Оказалось — всё наоборот.
Только междометием и вздохом
можно осторожно передать,
как бывает хорошо и плохо,
переплавить и зашифровать.
Жаркий сэндвич берега лимана,
в трёхлитровой банке — сон, вино.
Первый раз закуриваешь — странно,
сладко, страшно, а вино — говно.
У моих друзей смешные шутки,
Гриша повествует про минет.
Где-то Анна, Аня — больно, жутко
я ревную, мне семнадцать лет!
Так приснилось или написалось
всё, о чём пытался написать?
Юность, море, лёгкая усталость
жить, смеяться, плакать, умирать.
* * *
До перекрёстка, как дебил,
я дохромал и сматерился,
и шестикрылый сероквил
на светофоре мне явился.
Он компенсировал меня,
и я почти восстановился,
и понял: всё это фигня,
и вдруг по новой в жизнь влюбился.
Ведь я, пиша, преумножал
в сём мире хаос, как придурок,
стихов печальных нарожал
и выгорел, что твой окурок.
Во мне звучал какой-то хор,
и спор, ударные и скрипки,
шёл бесконечный разговор
и отсекалися улыбки.
И вот теперь я так сужу:
я свет несу двуногим тварям,
и, улыбаяся, сижу,
сед, бородат и лучезарен.
* * *
ты не думай друг мой ласковый
что я ни в одном глазу
масса поводов дурацковых
хочется пустить слезу
вот вся жизнь моя захряслая
ни хрена я не пророк
вся нецелесообразная
эх семейный говорок
вот собака мне докладыват
про проглоченный кусок
вот из брючины выпадыват
потерявшийся носок
* * *
Иногда отец приезжал,
дефицит привозил,
прежде чем уезжал
и мечту увозил.
Телевизор смотрел,
в нашем кресле сидел,
может, хотел остаться,
а может, и не хотел.
В тапке ногой качал,
критиковал ножи,
и Людмиле Гурченко врал
Рэйф Файнс — Станислав Любшин.
Понимал, что да с чем,
точно знал, что почём,
а иначе зачем
на земле этой типа живём.
Прядь вилась на виске,
телевизор в космос летел,
вдруг подпел песенке,
Окуджаве подпел.
* * *
Изумительно преображенье
из воображенья в быль.
Мне на пятый день рожденья
папа подарил автомобиль.
Залезаю, чуть дыша, с сандалями
в детский автопром:
электрический, с рулём, педалями,
фарами, аккумулятором!
Папа на каникулах крыл крыши,
шутка ль дело: семьдесят рублей!
Жизнь теперь возьмёт повыше
утлой траектории своей.
Мальчик разрядил аккумулятор,
целый день катаясь по двору.
Следующий день похож на кратер:
папа пропил счастье и игру.
Лил о будущем большие пули,
жарил на балконе шашлыки,
а очнулся с похмела в загуле,
подарил программные стихи:
жизнь есть слёз — не вычерпаешь — море,
мир логичен, целен и жесток,
если было счастье — будет горе,
будет точно, знаю назубок.
* * *
Они шли в тюрбанах из полотенец —
женщина, дети, через дворик школьный,
малыша несли на руках, и молчал младенец,
чистый, распаренный и довольный.
Школа по воскресеньям была закрыта,
нам дали ключ, мы готовили постановку,
репетировали там что-то, и Лёха Сита —
Лёша Ситников, сидя на подоконнике, оценивал обстановку.

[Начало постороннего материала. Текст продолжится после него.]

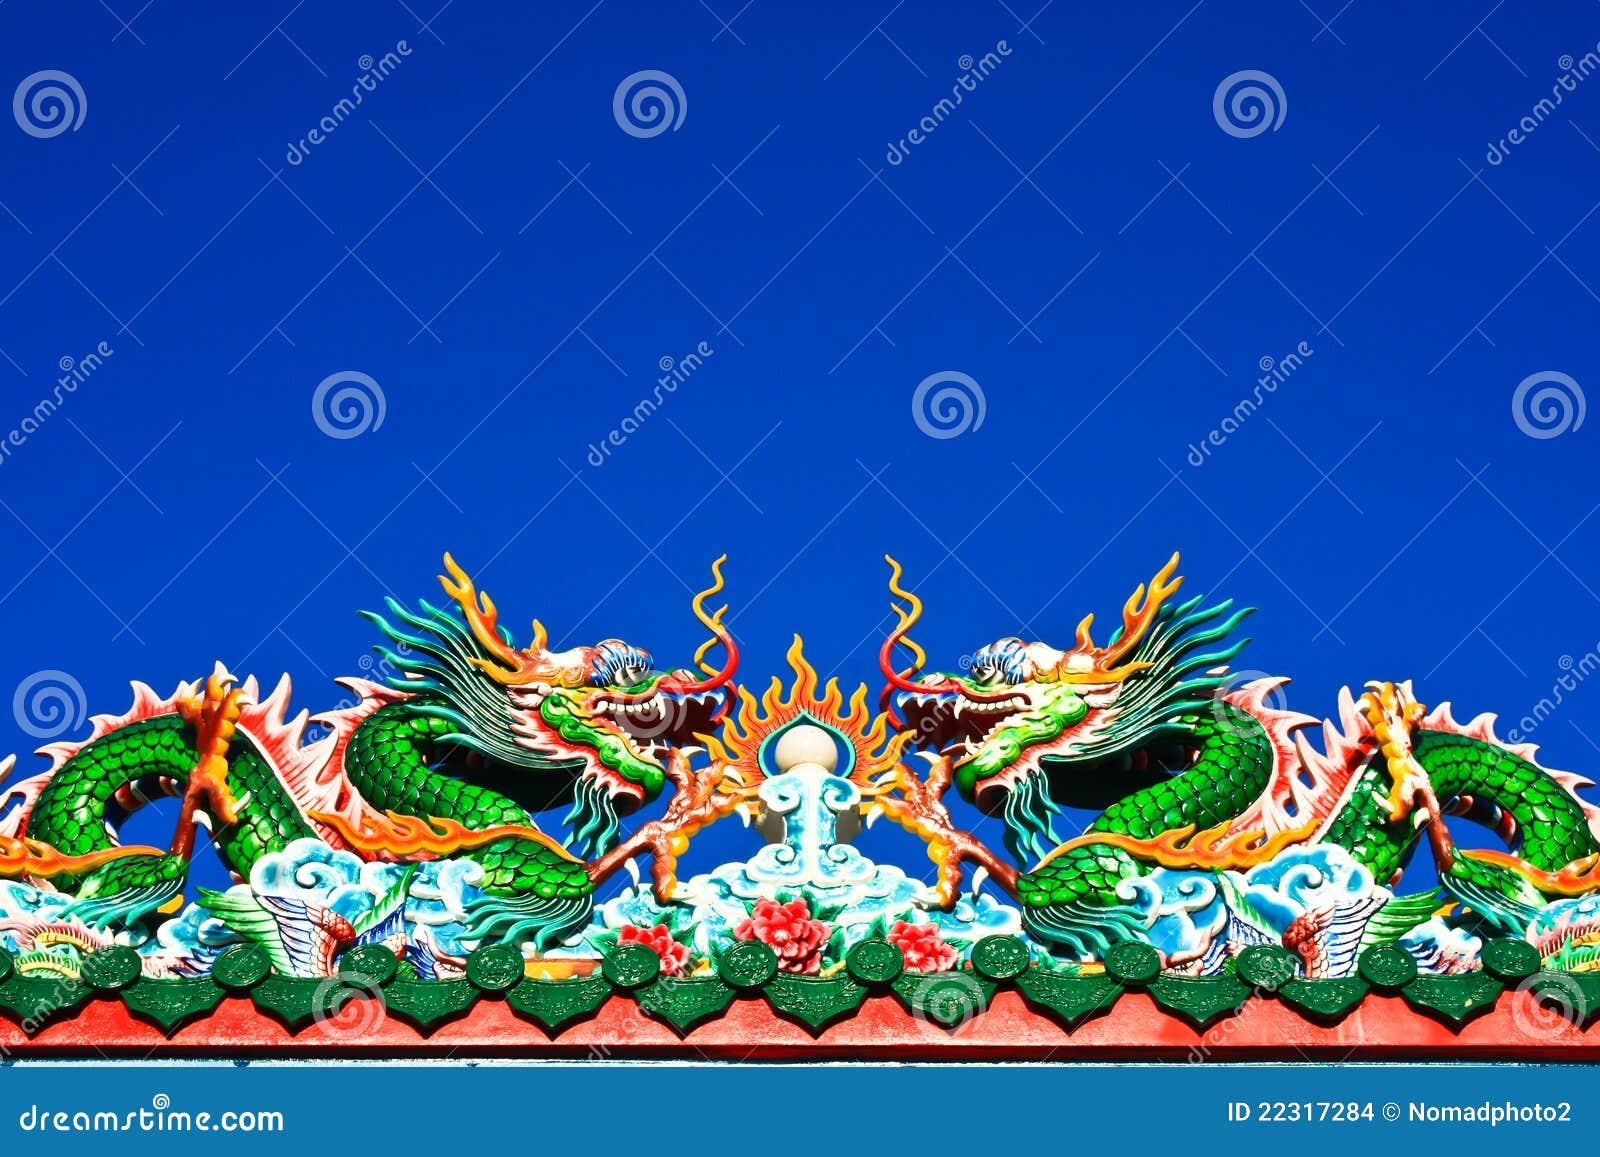 艺术中国龙屋顶

Лёшин отец привозил из загранок
видеофильмы, а ещё пиво баночное и сигареты,
Лёша их тырил, мы дули жижу из банок
и дымили как паровозы, восьмиклассники и эстеты.
В туалете, где рукомойники, типа предбанник,
из крана торчал шланг, пол был залит, мы удивились,
и пока курили, я глядел из окна, ботаник,
как они шли там внизу довольные, с тазиками: вот, помылись.
Я узнал её: мыла в школе полы, казашка или узбечка, «техничка»,
обитала с детьми в школьной пристройке, панельном таком отсеке.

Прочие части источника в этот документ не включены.